The adviser, David Morens, admitted in his own communications to intentionally evading FOIA by using a Fauci’s private Gmail address or just handing him documents in person, according to the newly disclosed emails.

The 35-page report on Morens includes previously unreleased emails including:

An April 21, 2021 email shows Morens contacted EcoHealth Alliance President Peter Daszak, whom Morens has described as his “best friend” and a U.S. taxpayer conduit for the Wuhan Institute of Virology, as well as Boston University and New England Biolabs researchers.

The subject line references “CoV research in China, GoF, etc.,” referring to EcoHealth-facilitated coronavirus research at WIV that could make a virus more transmissible or dangerous. The National Institutes of Health recently admitted it funded gain-of-function research under that definition but not a stricter regulatory definition.

“PS, i forgot to say there is no worry about FOIAs,” Morens wrote. “I can either send stuff to Tony on his private gmail, or hand it to him at work or at his house. He is too smart to let colleagues send him stuff that could cause trouble.”

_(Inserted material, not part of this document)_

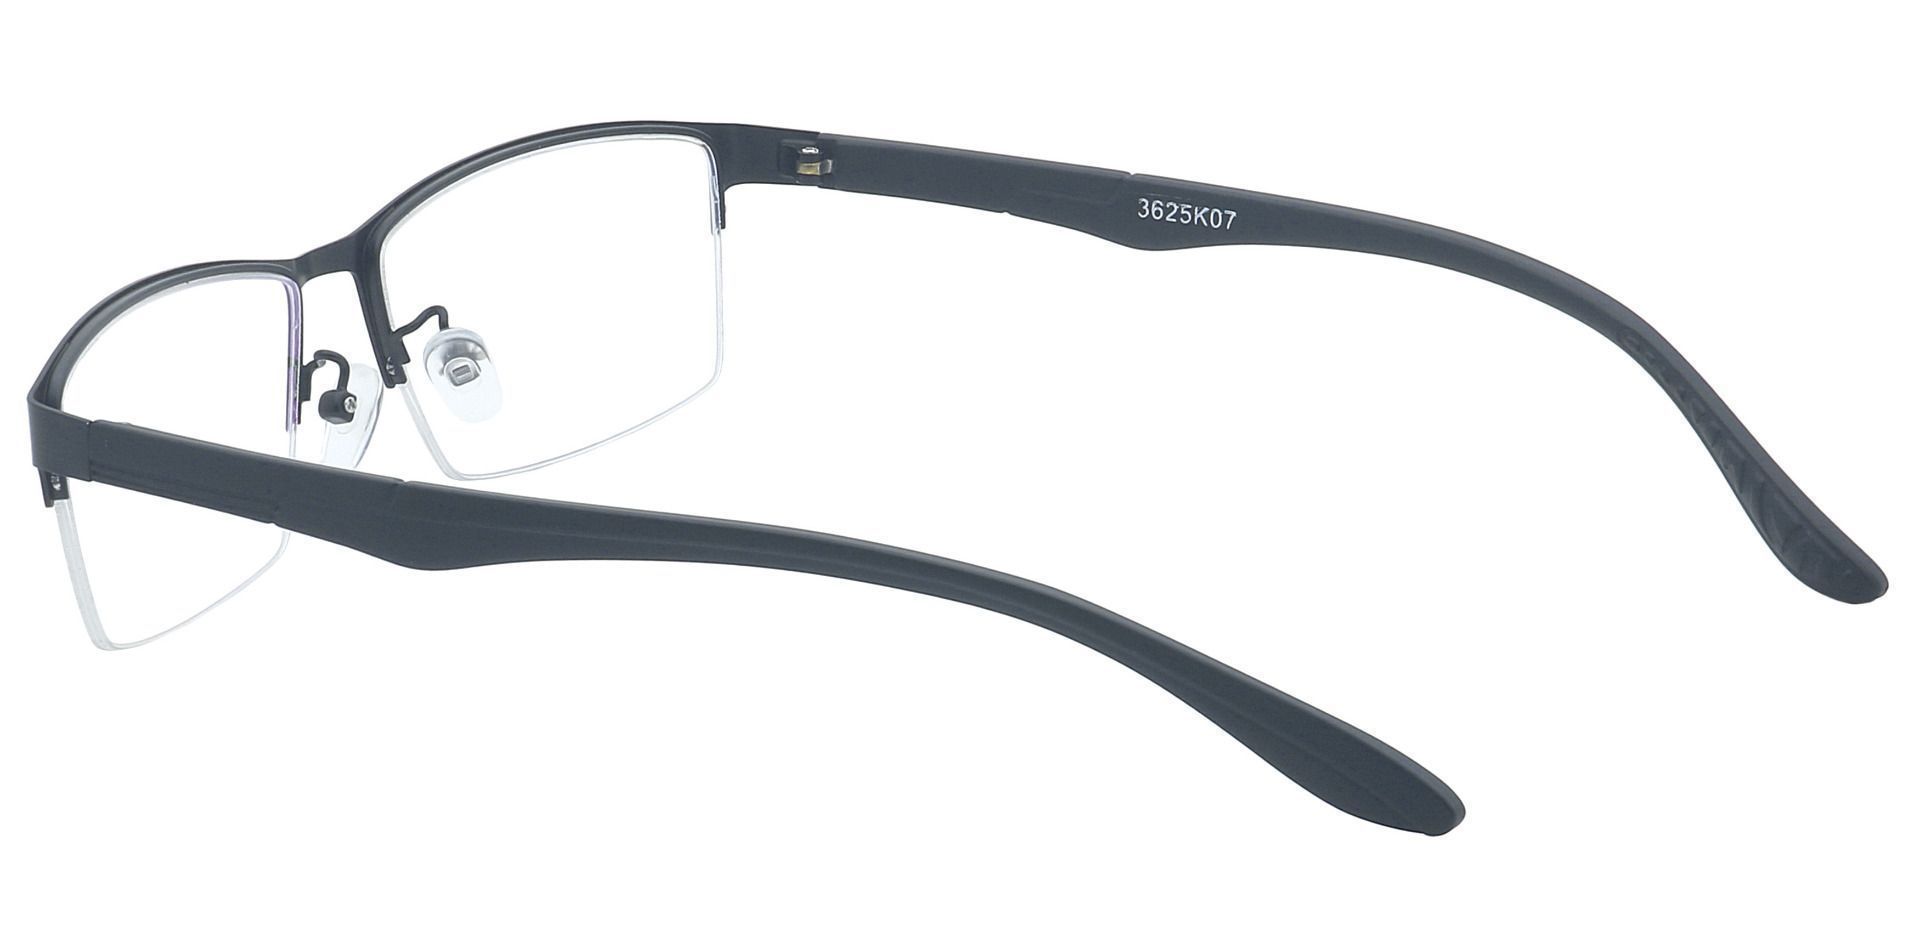 Ruben Rectangle Eyeglasses Frame - Black

A May 13, 2021 email to the same recipients referred to “our ‘secret’ back channel” by which Morens connected Fauci to a journalist named “Arthur,” apparently to discuss the feds’ preferred narrative that SARS-CoV-2 emerged naturally rather than via lab leak. The email cited an article on the message board Virological.

Gerald Keusch, associate director of the National Emerging Infectious Diseases Laboratory Institute at BU, emailed Daszak Oct. 25, 2021 to relay a phone conversation with “David,” who is “concerned about the privacy of text” and email sent and received on his “government phone” because they “could be FOIA’able.”

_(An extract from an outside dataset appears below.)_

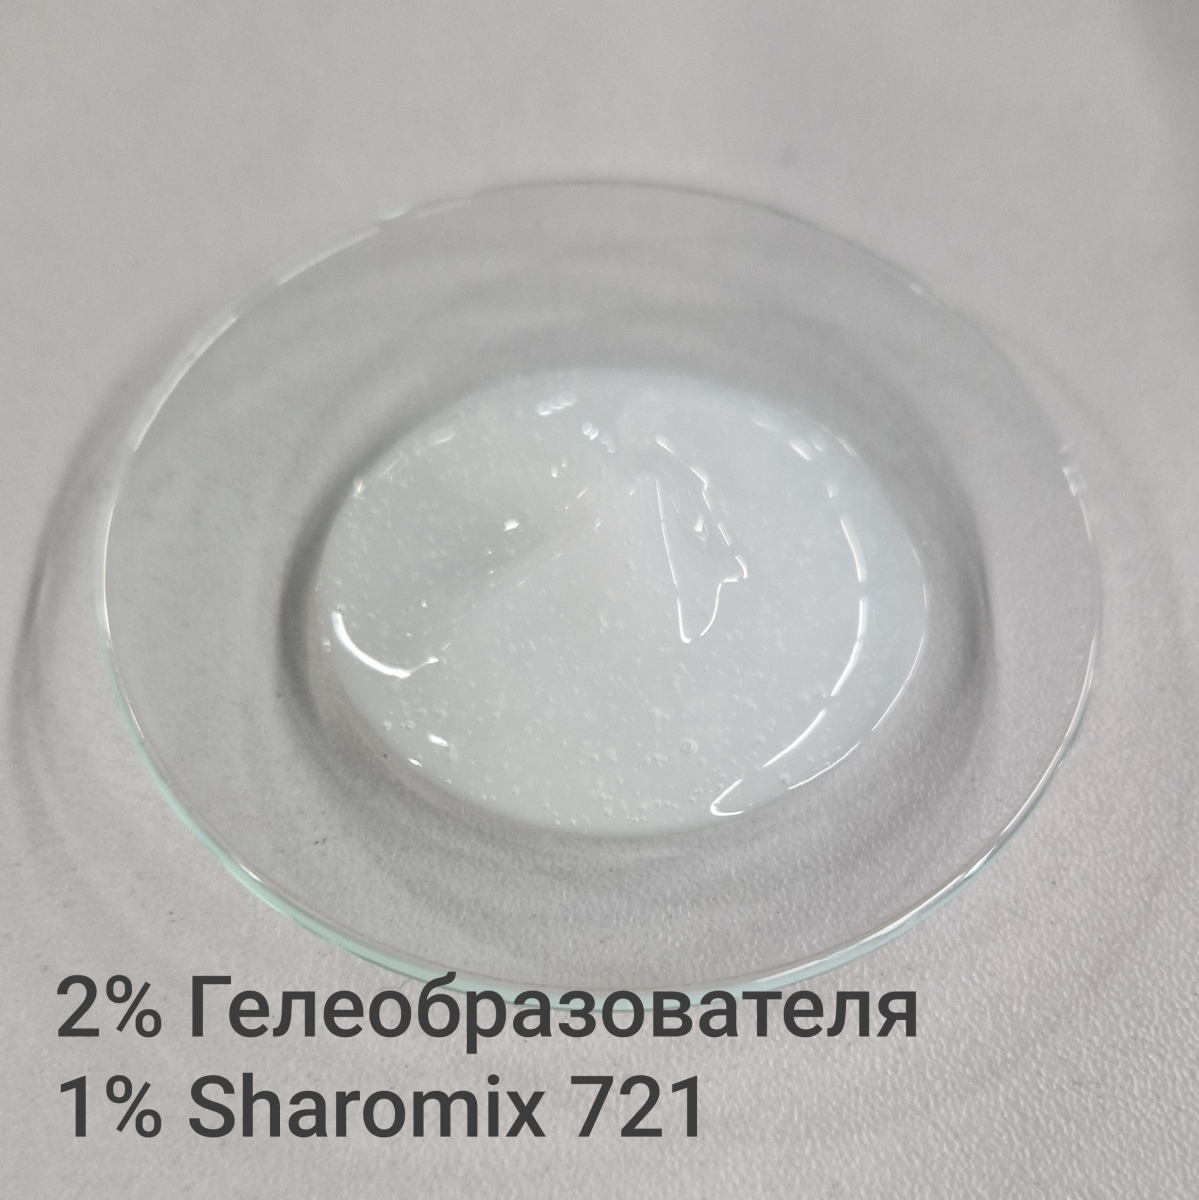 2% гелеобразователя и 1% Sharomix 721

“Tony has told him not to be in touch with you and EHA for the time being,” Keusch wrote. Morens relayed that Daszak should get his story straight on EcoHealth’s claim that NIH locked it out of the system when it tried to file its year-five progress report that disclosed an arguable gain-of-function experiment.

Earlier in the day, Morens told Daszak “i will be meeting with Tony about this later on.” The subject line of the thread was “Draft response to Michael Lauer,” deputy director for extramural research at NIH.

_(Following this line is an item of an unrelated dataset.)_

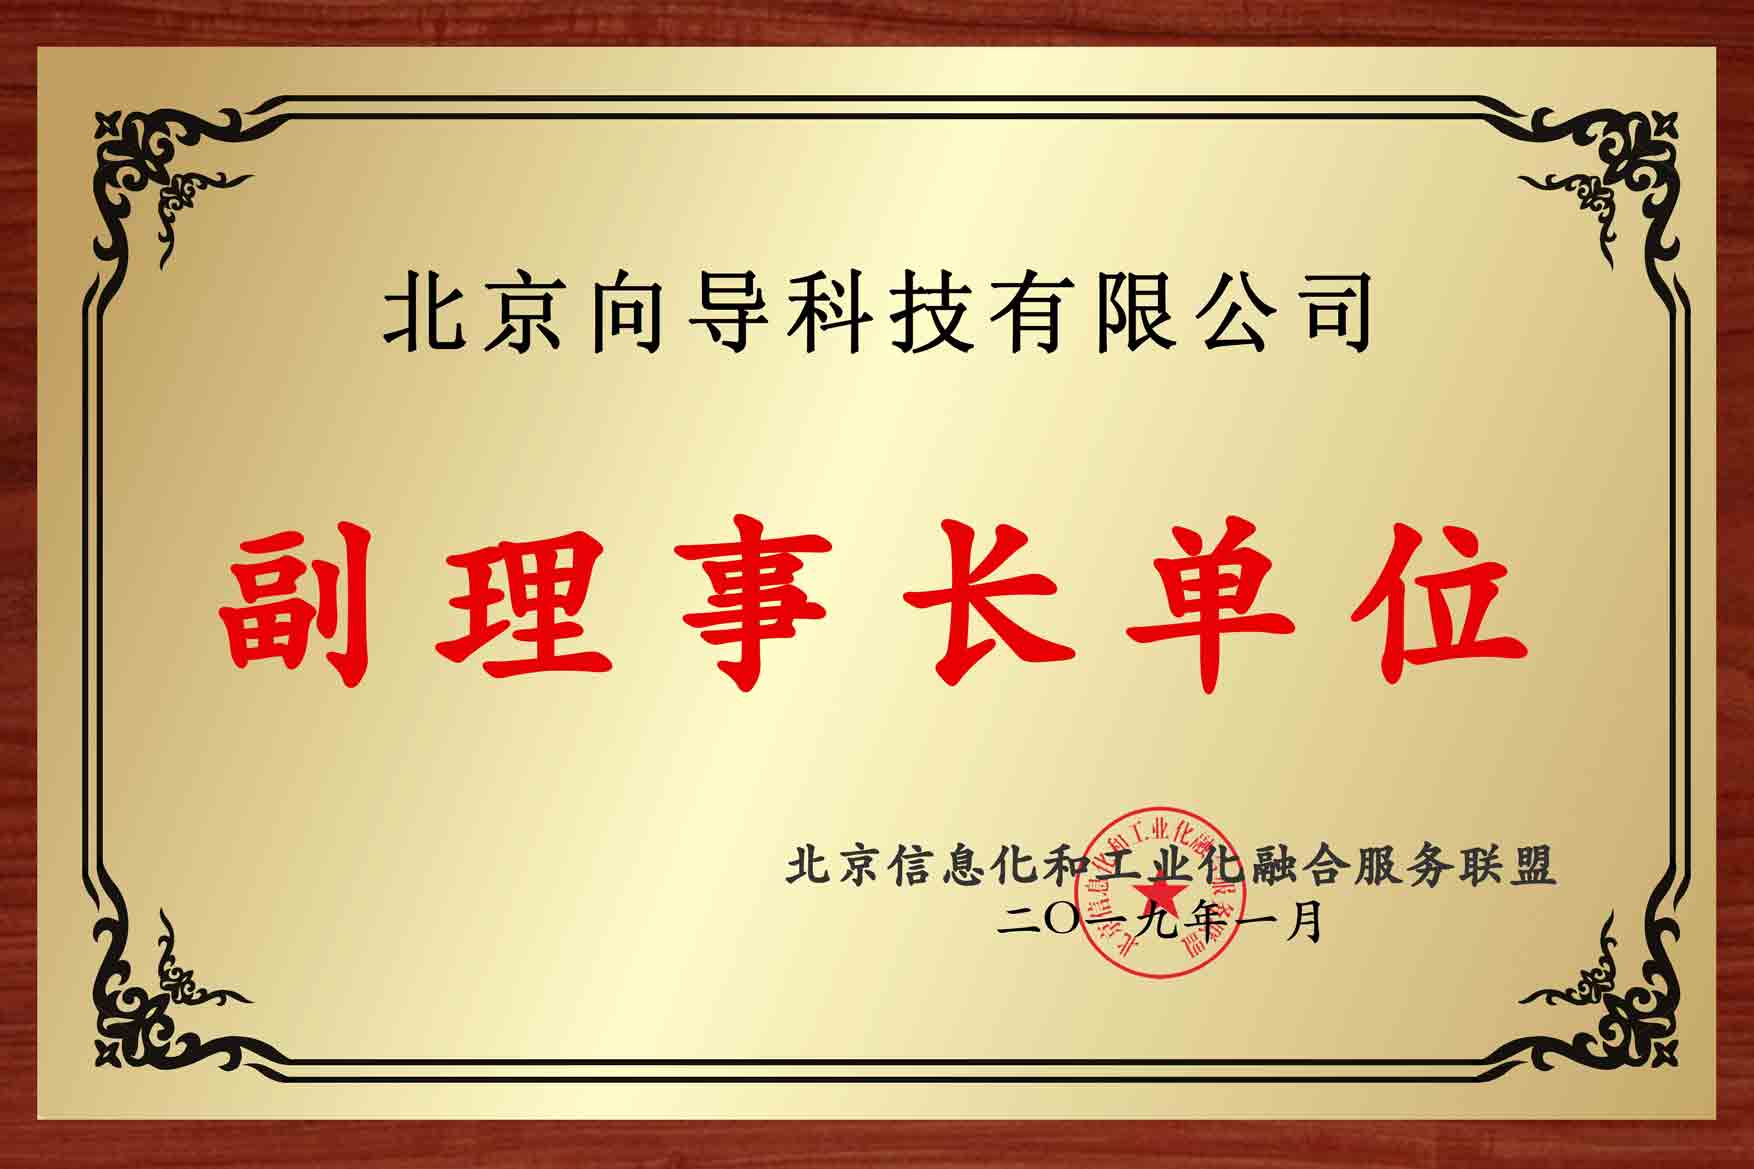 北京两化融合服务联盟副理事长单位

Morens also told Daszak that Fauci and then-NIH Director Francis Collins are “trying to protect you, which also protects their own reputations,” apparently meaning against allegations that U.S. tax dollars passed through EcoHealth funded research that may have led to SARS-CoV-2’s emergence.

The subcommittee said it found emails that revealed “likely illegal” practices, including an April 2020 email in which Morens shared a “new NIAID implementation plan” with Daszak and an August 2020 email in which Daszak mentioned a “kick-back” to Morens after NIH awarded $7.5 million to EcoHealth.